American Akita dog standing outside
Image Credit: Rita_Kochmarjova, Shutterstock

Akitas are notably aggressive dogs that require very experienced dog owners. Their loyalty is unmatched, but they can be very challenging to train, as they are incredibly intelligent, willful, and stubborn.


9. Chow Chow

chow chow walking through woods
Image Credit: Łukasz Rawa, Unsplash

A Chow Chow is another famously aggressive breed that tends to dislike strangers and unfamiliar animals. A well-socialized Chow Chow will be a bit more accepting of company, but they might take a while to warm up to new faces.


10. Belgian Malinois

belgian malinois standing outdoor
Image Credit: BIGANDT.COM, Shutterstock

The Belgian Malinois means business. This breed is never satisfied unless they have a task to do and make much better workers than pets.
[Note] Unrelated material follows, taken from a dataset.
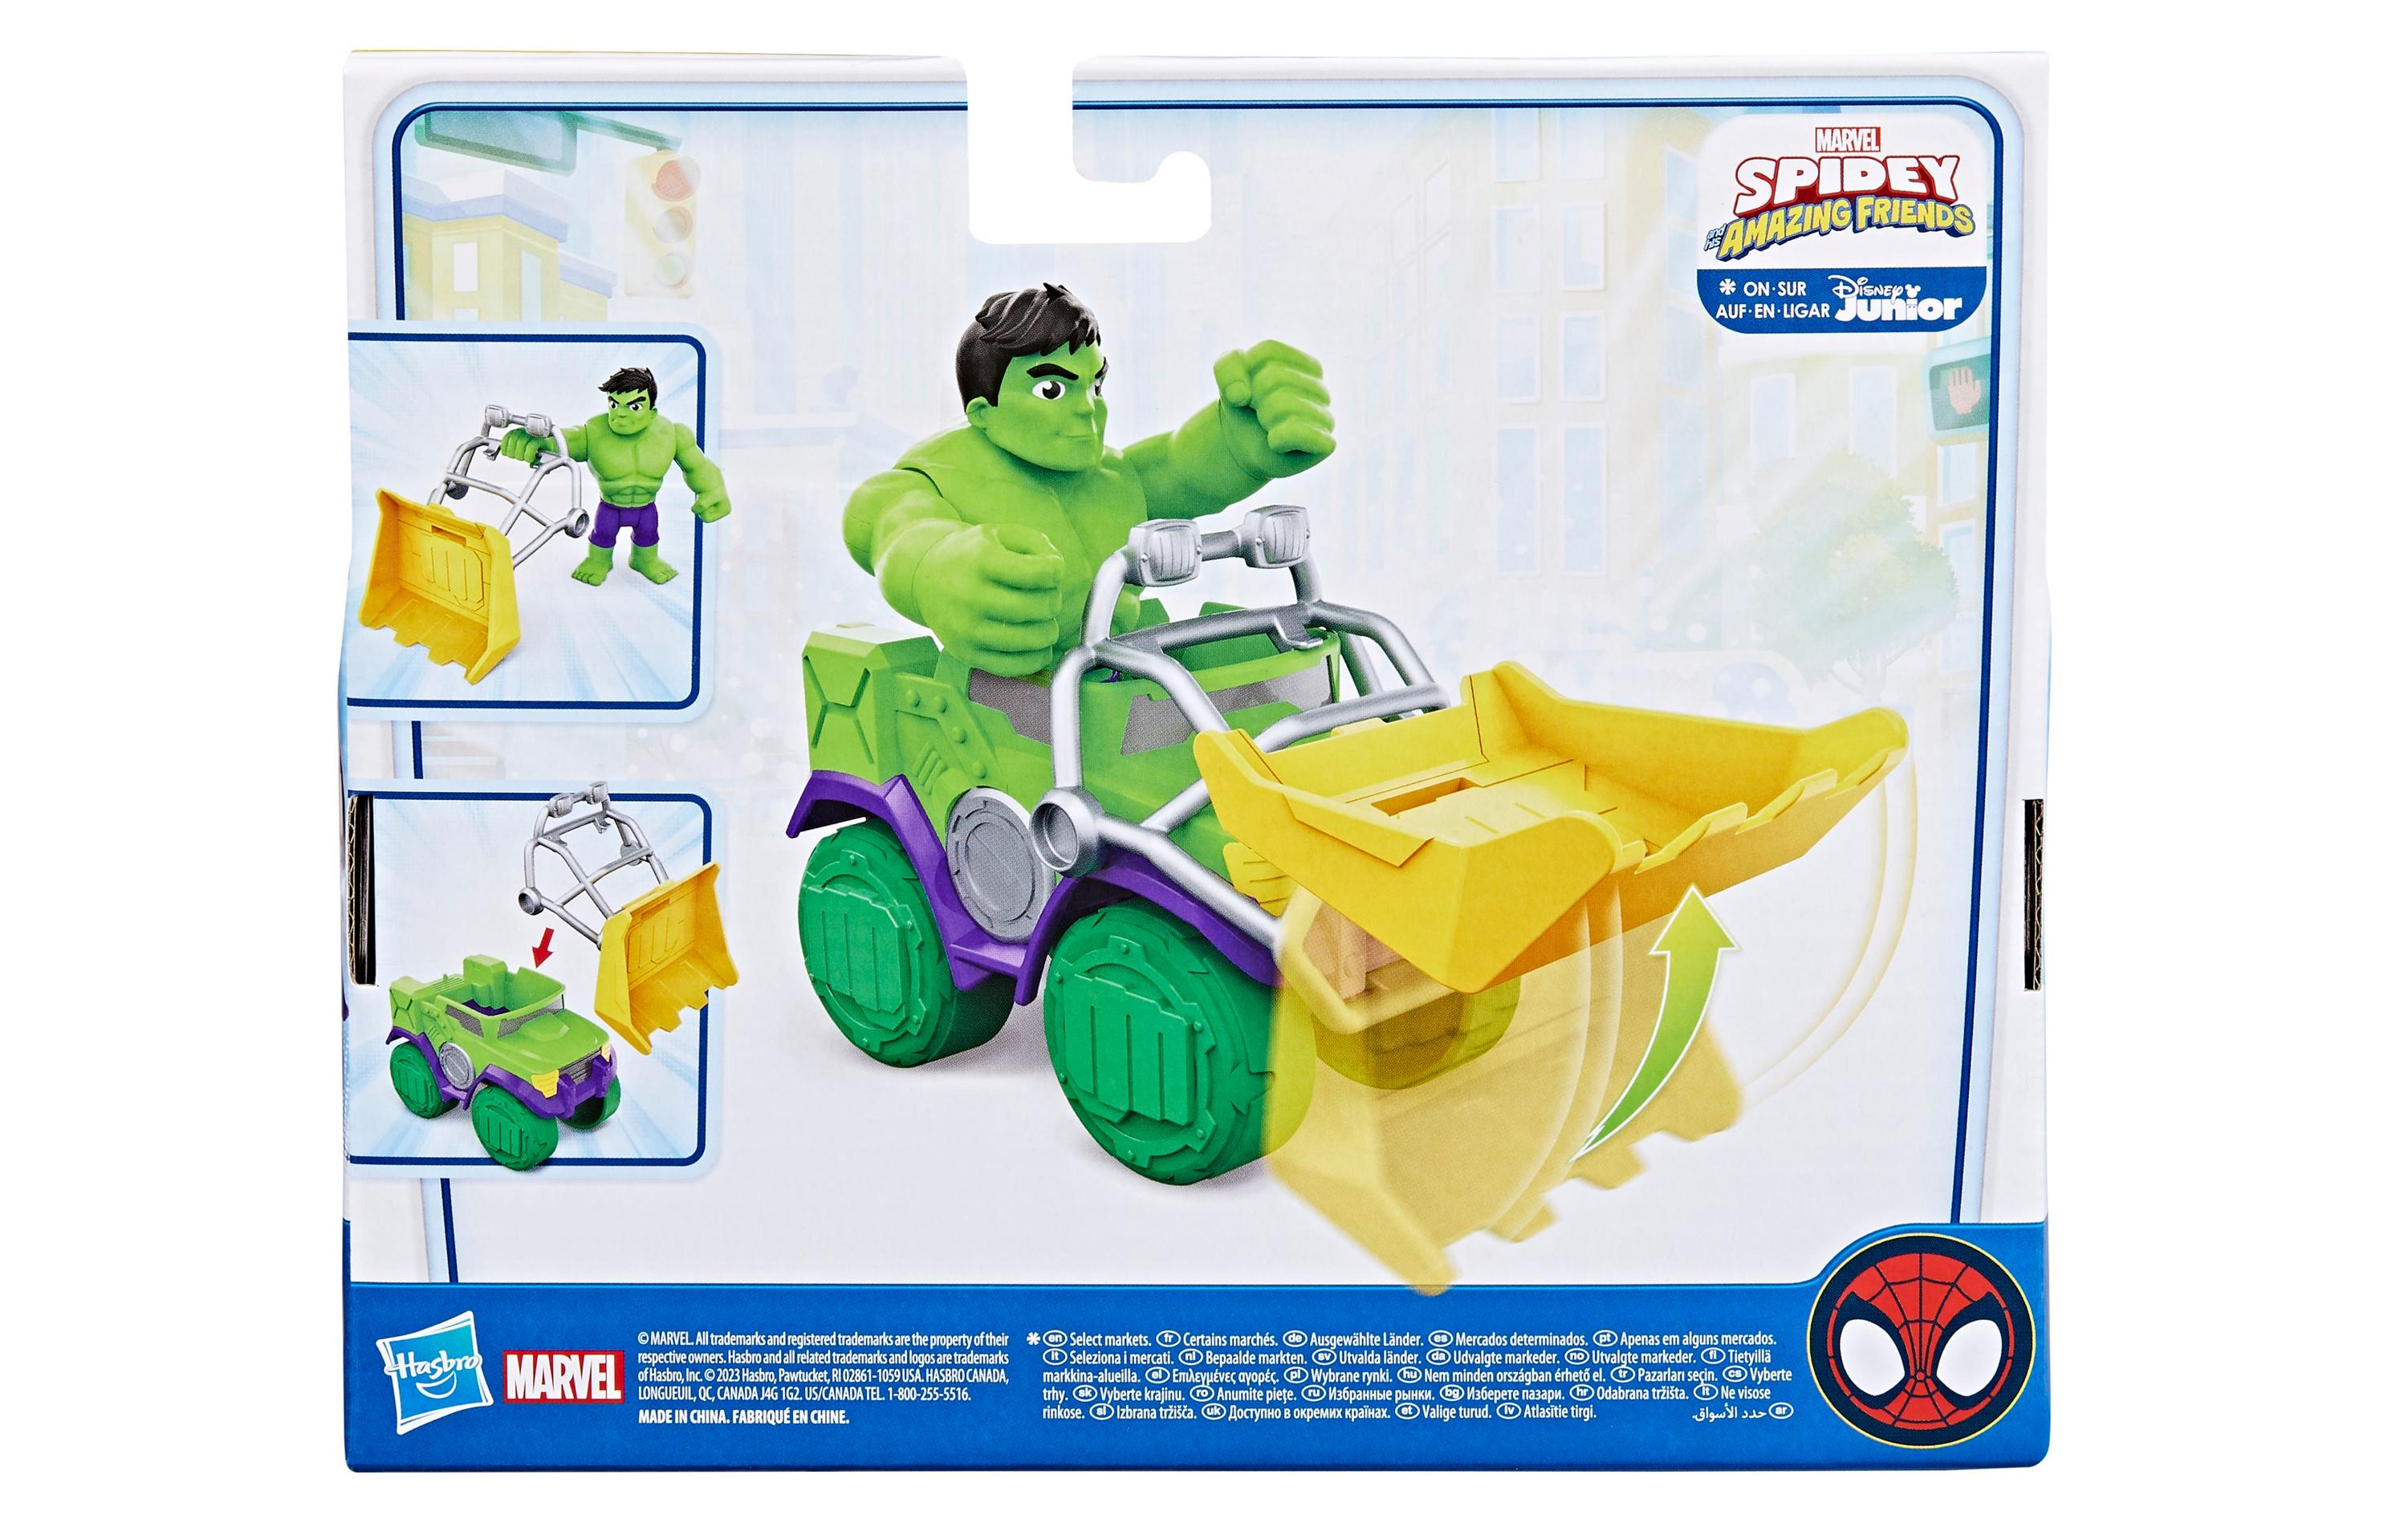 Hasbro Marvel Spidey and His Amazing Friends Hulk Smash Truck

They can make ideal candidates if you’re looking for a guard dog and plan to spend a lot of time training them.

Conclusion

So, Bloodhounds definitely don’t make the best guard dogs. However, they do have a lot to offer in terms of companionship. If you are interested in advanced training, remember that the Bloodhound has the best sense of smell of all of its canine counterparts.

If you are looking specifically for a guard dog, you can do a bit more research on some of the breeds that we’ve listed to see if one of them is a better fit.